Recorded information =
........
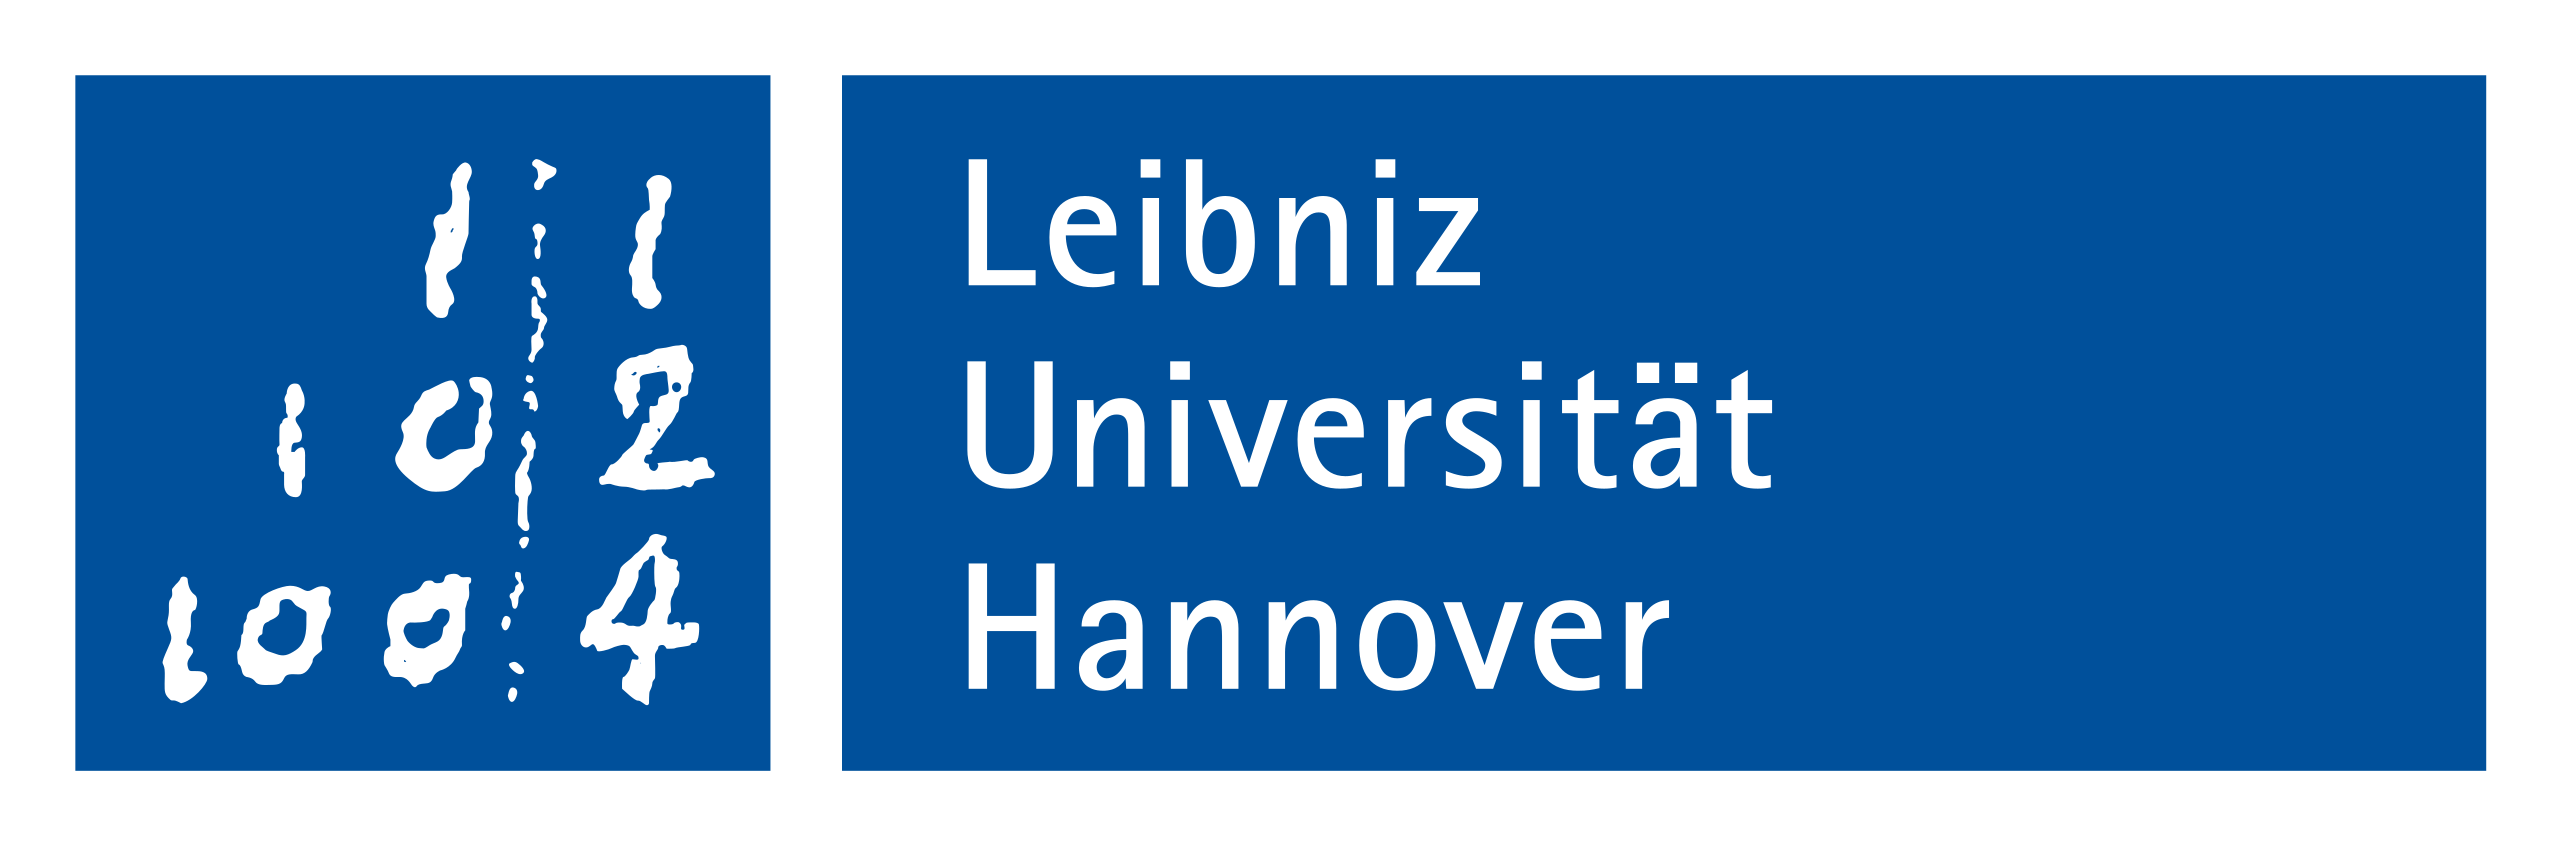 Leibniz University Hannover 
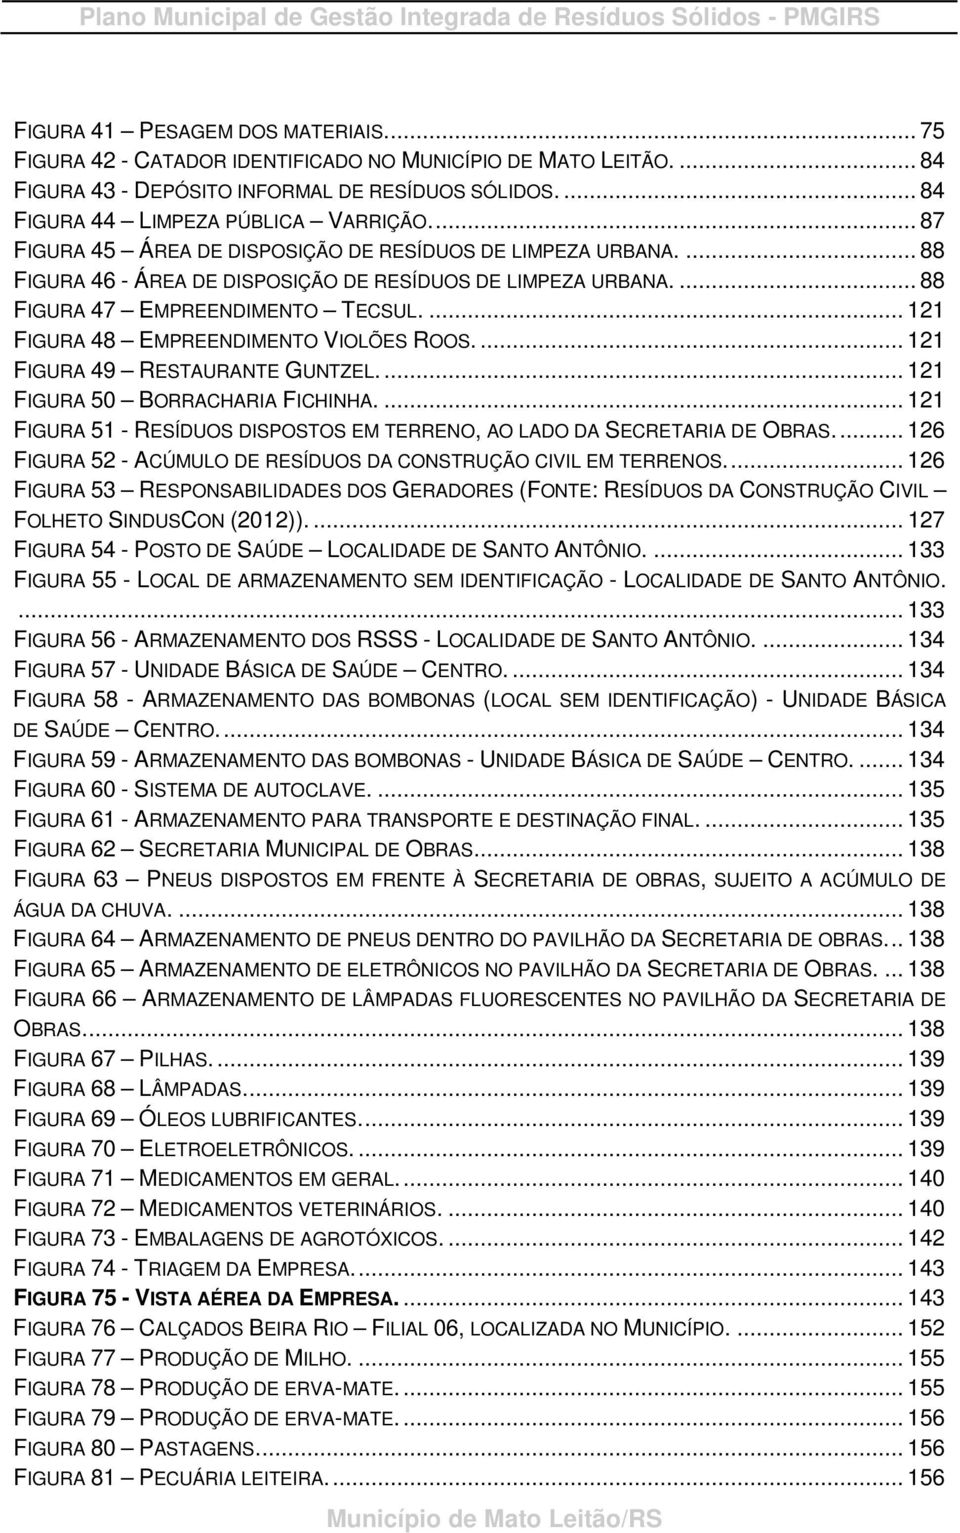 ... 88 FIGURA 46 ÁREA DE DISPOSIÇÃO DE RESÍDUOS DE LIMPEZA URBANA.... 88 FIGURA 47 EMPREENDIMENTO TECSUL.... 121 FIGURA 48 EMPREENDIMENTO VIOLÕES ROOS.... 121 FIGURA 49 RESTAURANTE GUNTZEL.
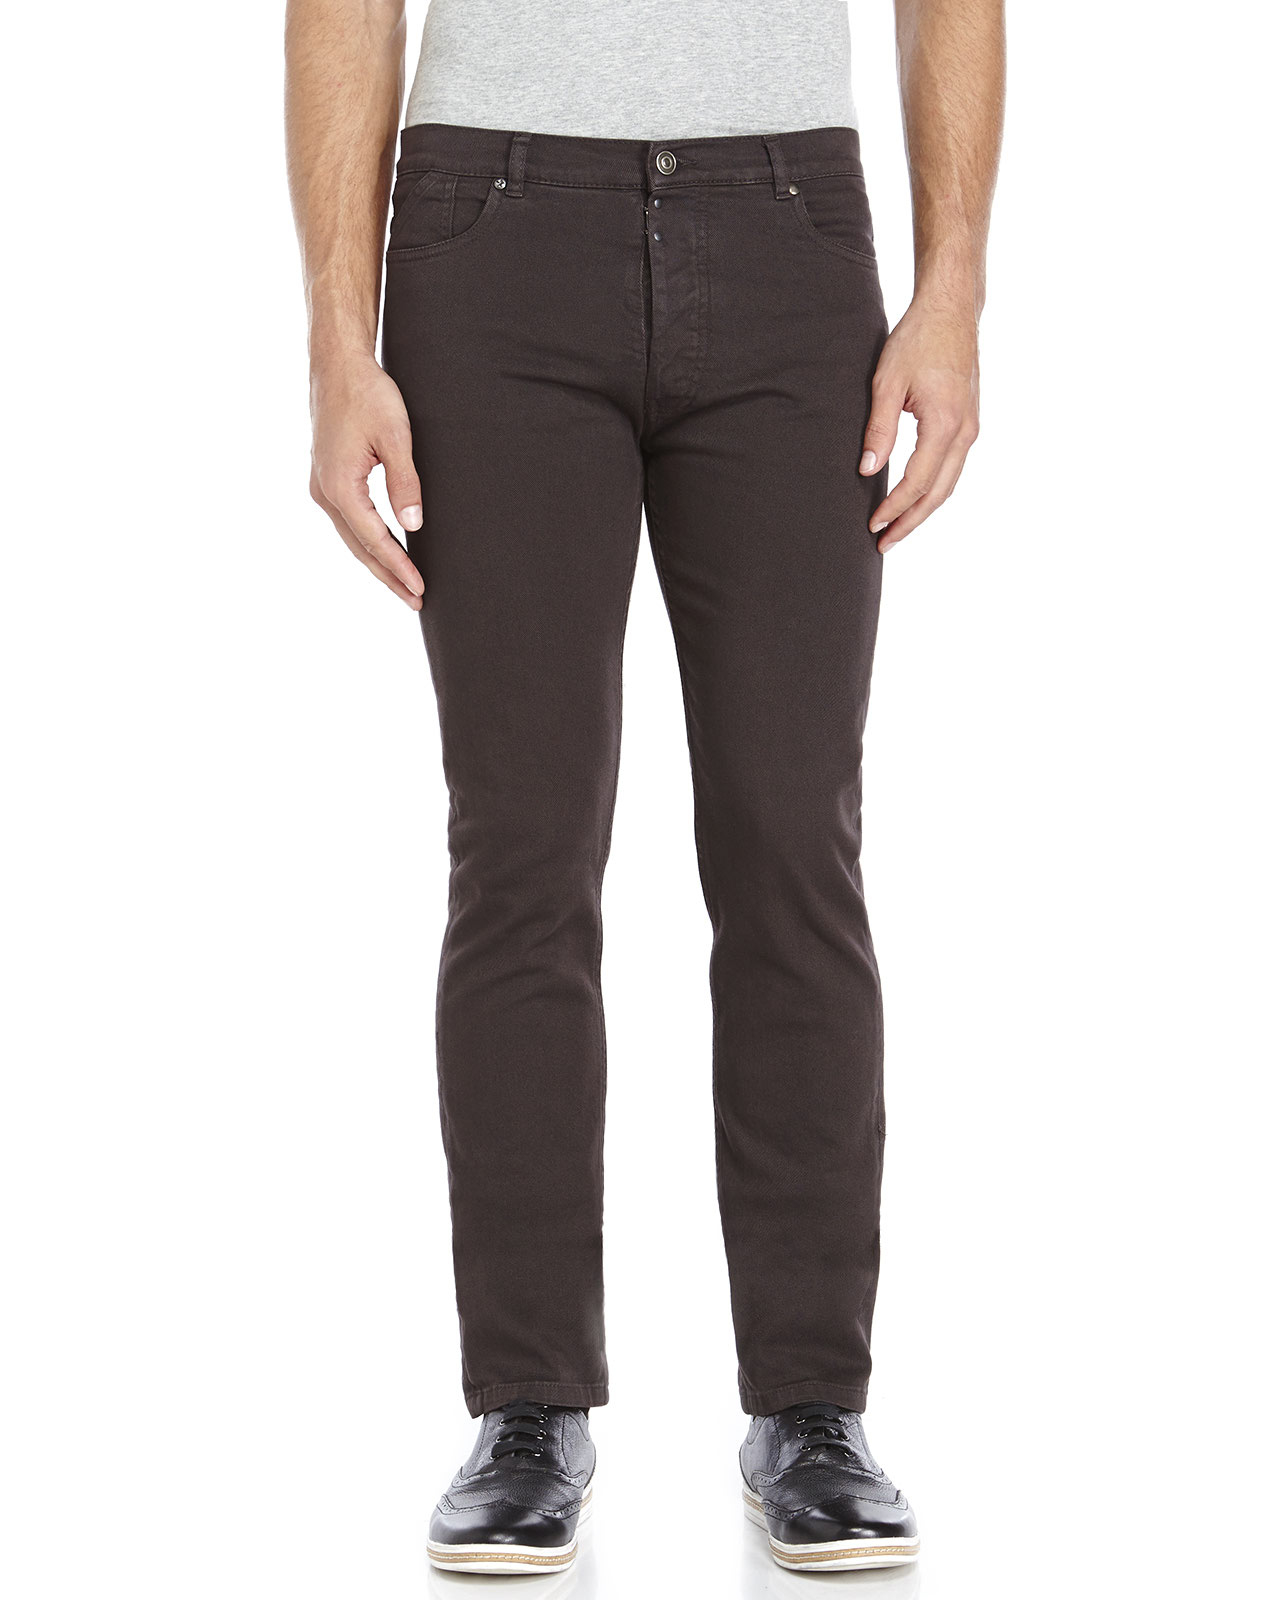 Maison margiela Slim Jeans in Brown for Men (Dark Brown) | Lyst
........
Task to complete =
A word-for-word copy of all the data is required, minus the pictures.

Problem solution =
 Leibniz University Hannover 
 ... 88 FIGURA 46 ÁREA DE DISPOSIÇÃO DE RESÍDUOS DE LIMPEZA URBANA.... 88 FIGURA 47 EMPREENDIMENTO TECSUL.... 121 FIGURA 48 EMPREENDIMENTO VIOLÕES ROOS.... 121 FIGURA 49 RESTAURANTE GUNTZEL.
 Maison margiela Slim Jeans in Brown for Men (Dark Brown) | Lyst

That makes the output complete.